Если бы под Сэкигахарой Мори вступил в бой, думает человек, мы бы, скорее всего, победили. Глупо было ожидать, что недополководец, который сломался тогда, сохранит мужество потом, в ситуации куда менее выигрышной. Следовало убить его и иметь дело с Хидэмото, благо он хотя бы не трус. Еще одна ошибка. Но эти…

– Чаю хотите? – спрашивают из угла. Ответа не дожидаются, что-то шуршит, едет перегородка, перед гостем, как по волшебству, возникает трехногий поднос с чайником и еще один, маленький, с чашкой.

Человек не спорит. Чай – это хорошо. Горячий чай. Так легче не заснуть и вообще легче. Вряд ли он сумеет и успеет что-нибудь сделать – слишком ослаб и устал, да и следят за ним внимательно, но он точно попробует. В конце концов, что он теряет?
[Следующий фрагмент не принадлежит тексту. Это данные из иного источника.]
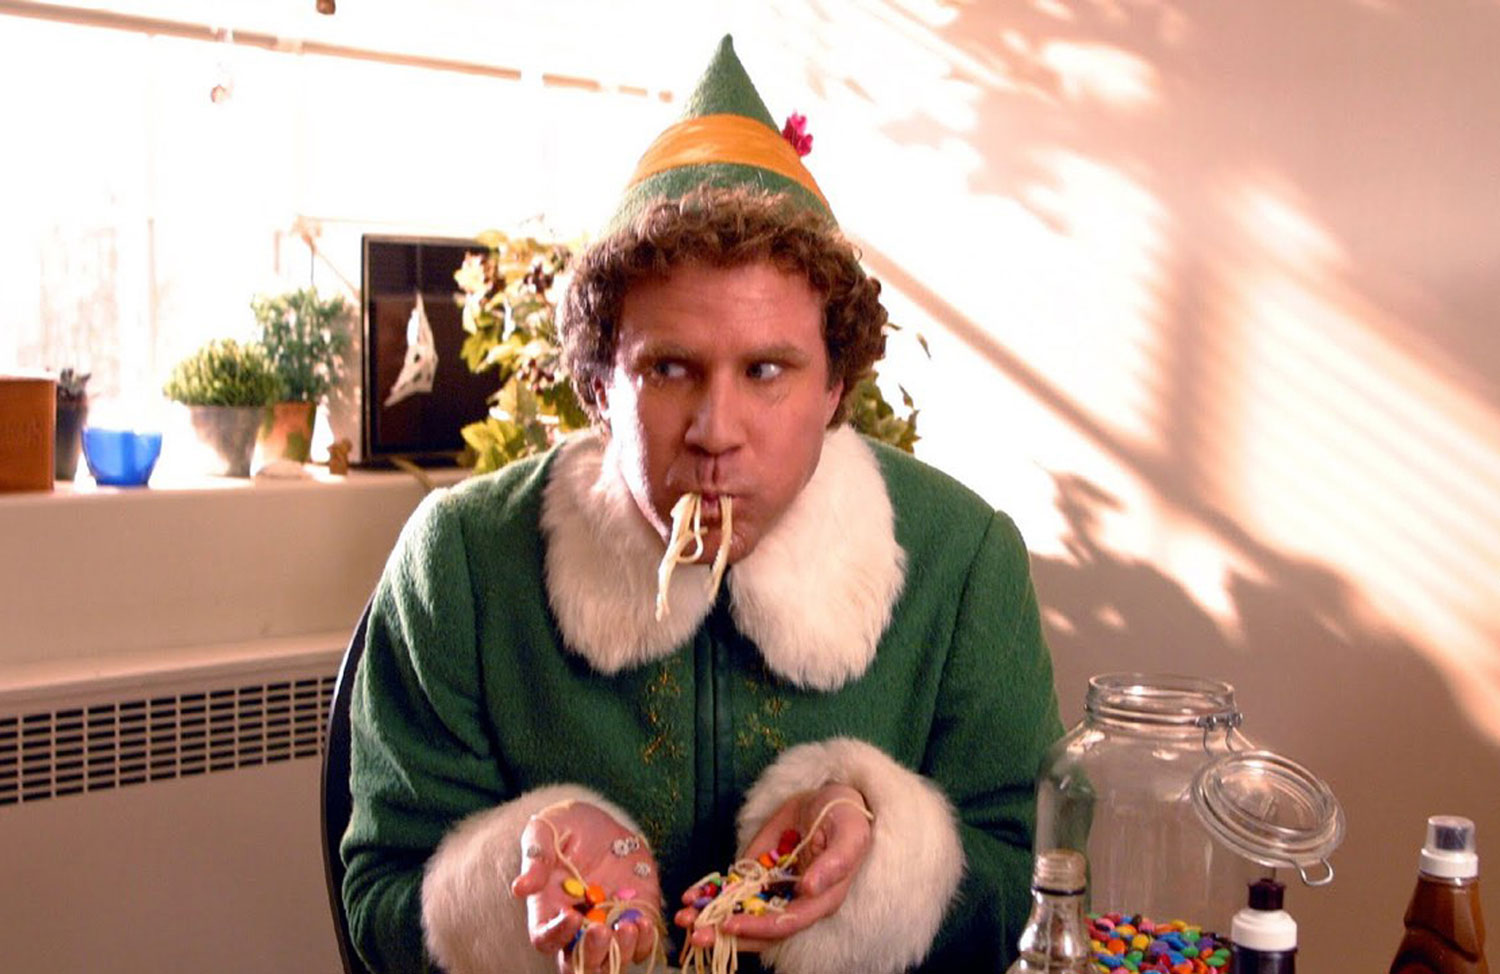 Sometimes it’s about quality and not money. Will Ferrell turned down $29 million dollars to make Elf 2, but he didn’t want to deal with the criticism if it turned out bad. And let’s face it – Elf was adorable. Let’s just be left with that image.

– Дом Тоётоми… – Человек совершенно не удивлен, что господское место на возвышении пусто, а его нынешний собеседник, кажется, даже не сидит, а лежит там, где тень укрывает его полностью. Он ничему не удивляется – с этой стороны. – Дом Тоётоми мертв. И в могилу его уложили вы с вашим регентом, когда убили господина советника и истребили его семью.
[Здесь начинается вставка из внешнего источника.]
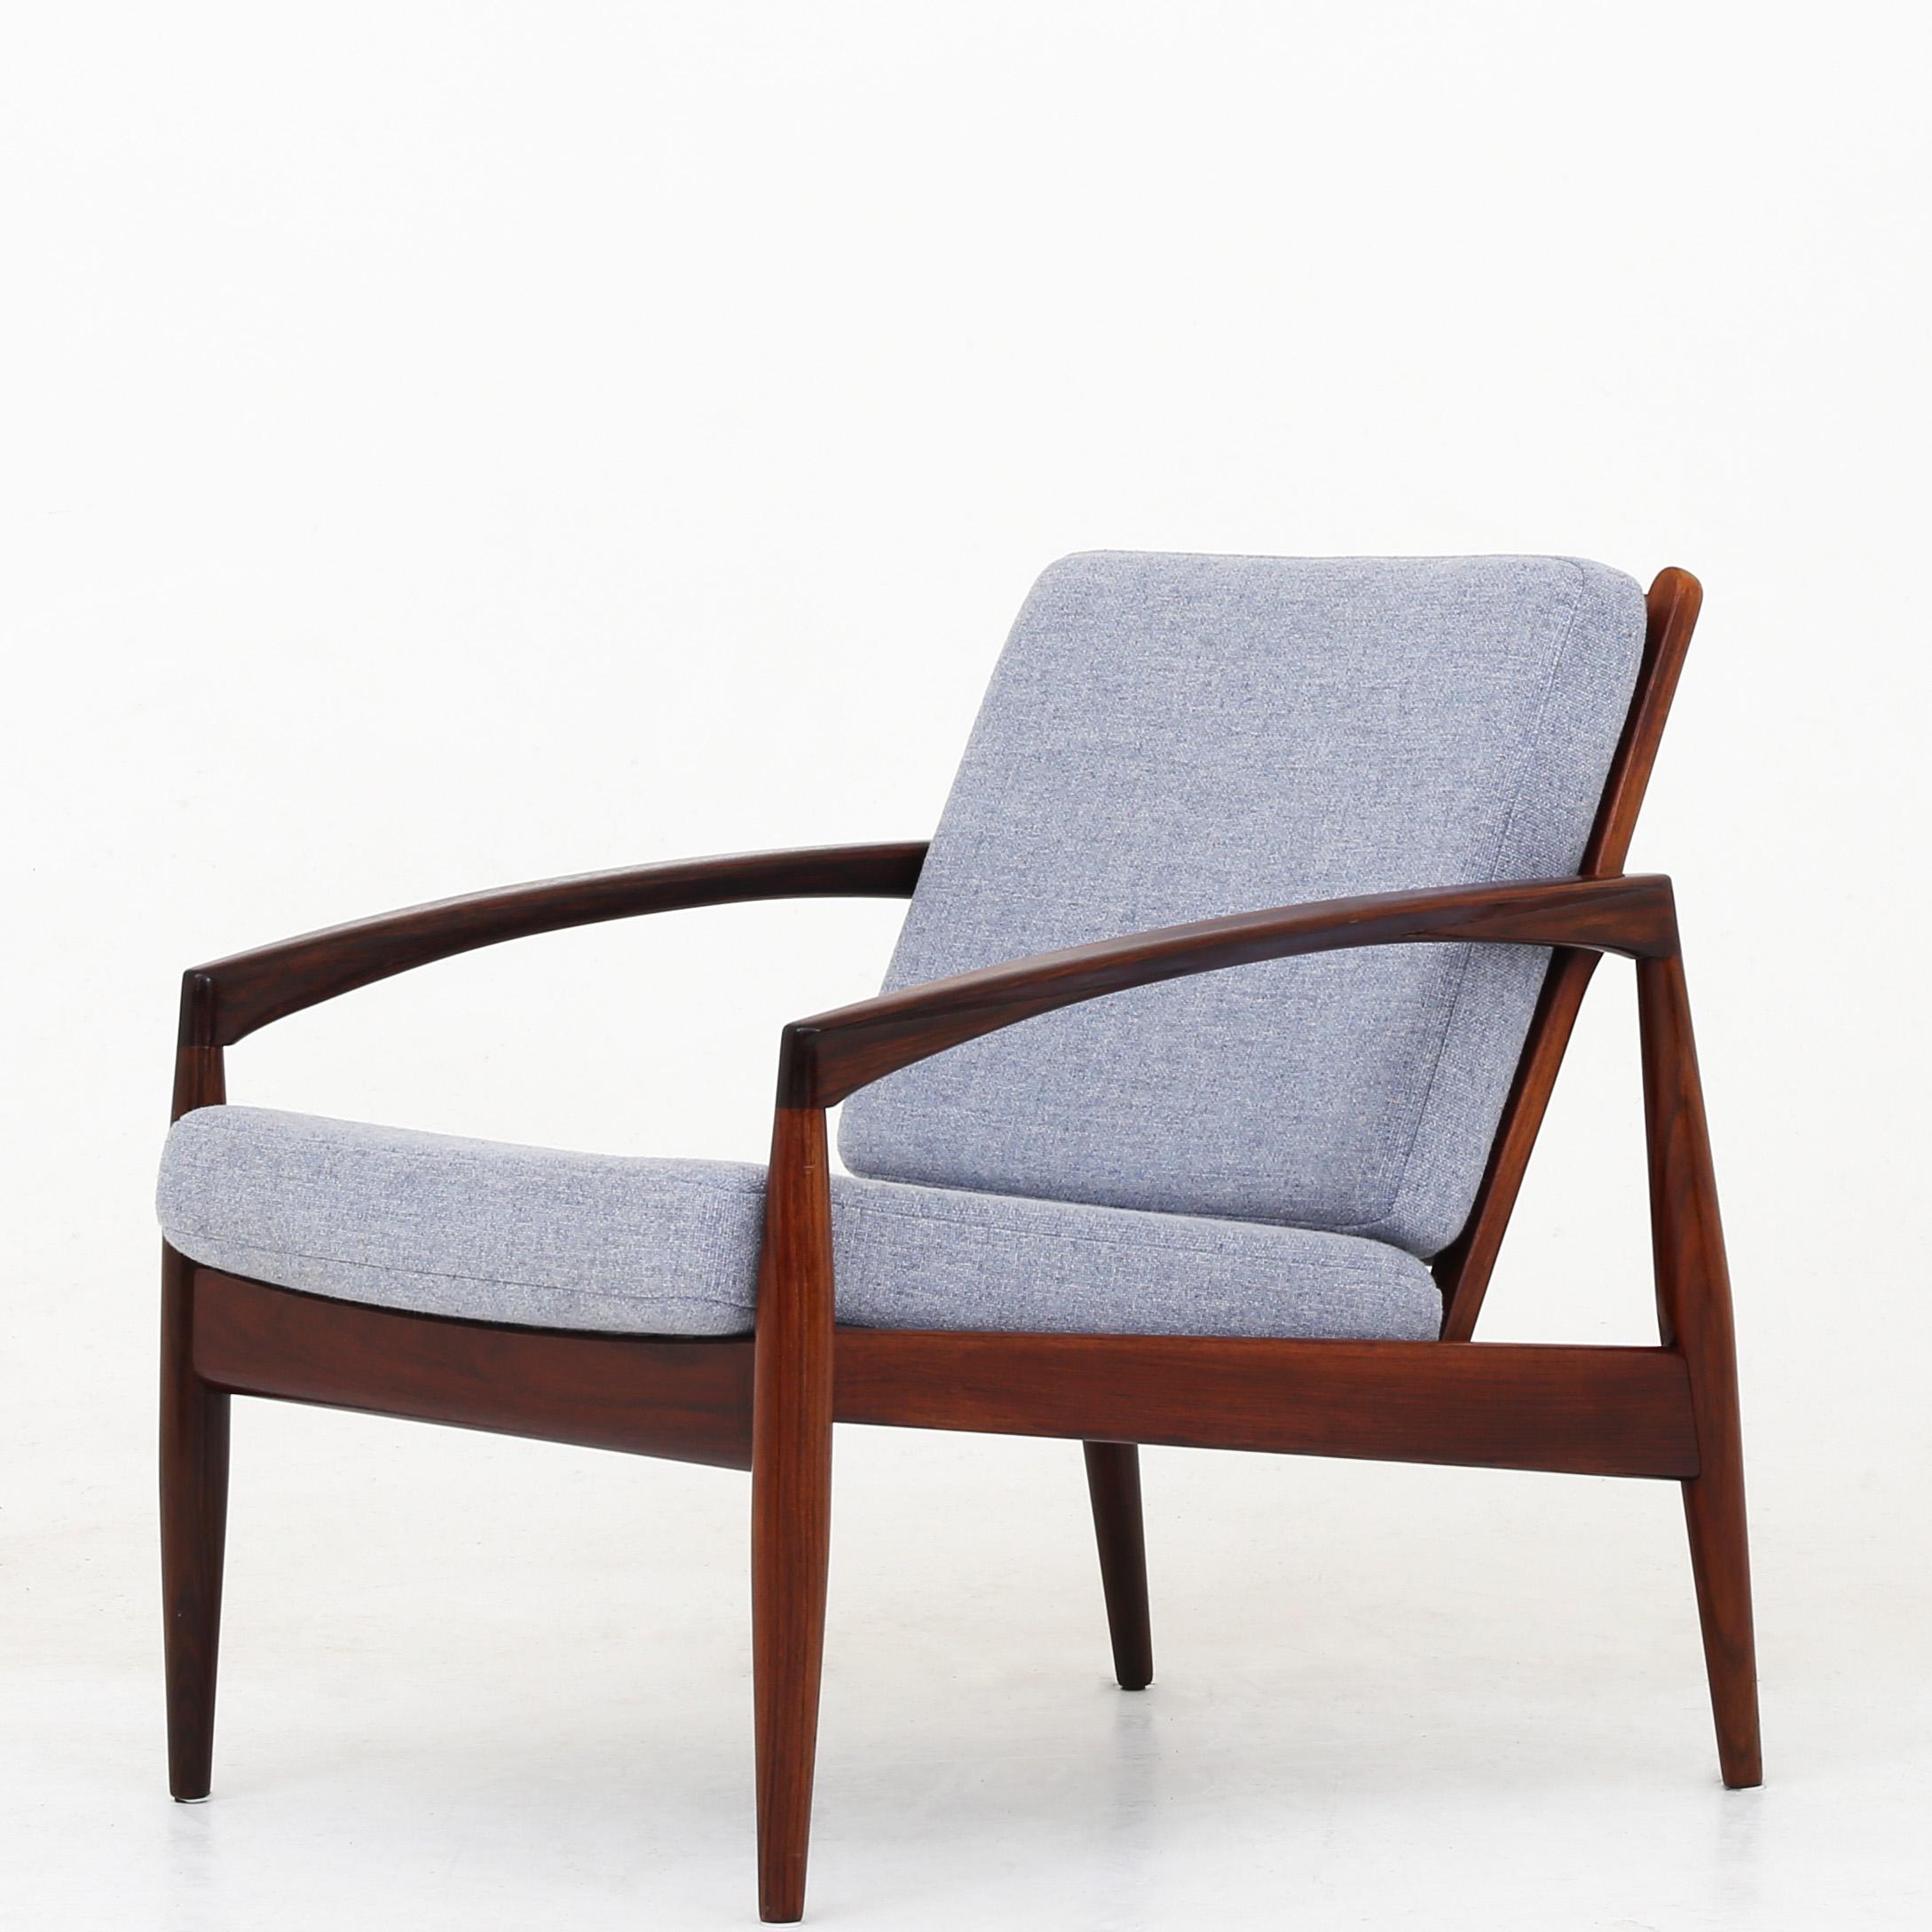 Kai Kristiansen Model 121 - Pair of 'Paper Knife' easy chairs in rosewood with grey wool. Maker Magnus Olesen.

– Значит… – Металлическая чашка тянет пальцы вниз. Даже она теперь слишком тяжела. Вот что речь зайдет о событиях шестилетней давности, человек не ждал. О событиях шестилетней давности, когда тайко вычеркнул из числа живых своего племянника Хидэцугу и весь его род. Официально – за попытку захватить власть. Неофициально – чтобы раз и навсегда расчистить дорогу собственному сыну. – Значит, я не ошибся и заговор все-таки был.

– Какое там, – кашляют ему. – Если бы он был, мы бы с вами не разговаривали. Хидэцугу мне не верил. Он верил регенту, верил здравому смыслу и не верил никаким моим расчетам. Почти до последнего считал, что дядя, который сам назначил его наследником, не будет посягать на его жизнь… А потом стало поздно. Он не верил мне, – повторили в темноте, – но он меня не выдал. Его я мог бы терпеть.

Вранье, думает человек. Никого бы ты не мог и не стал терпеть. Господин регент трижды щадил тебя, думая, что ты это оценишь. Пустые мечты, дикие звери – и те благодарней. Ах, если бы он снял с тебя голову десять лет назад, когда я ему это впервые посоветовал, – и ведь почти удалось убедить…

Конечно, он произносит и это тоже.

Тень у двери, до того неслышная и почти невидимая, позволяет себе коротко рассмеяться. Первой, в нарушение правил. Впрочем, кому и когда здесь были интересны правила? Впрочем, не гостю на это жаловаться, по правилам его должны были держать спеленатым в кокон, а так у него свободны руки, а значит, есть кое-какие шансы, на многое.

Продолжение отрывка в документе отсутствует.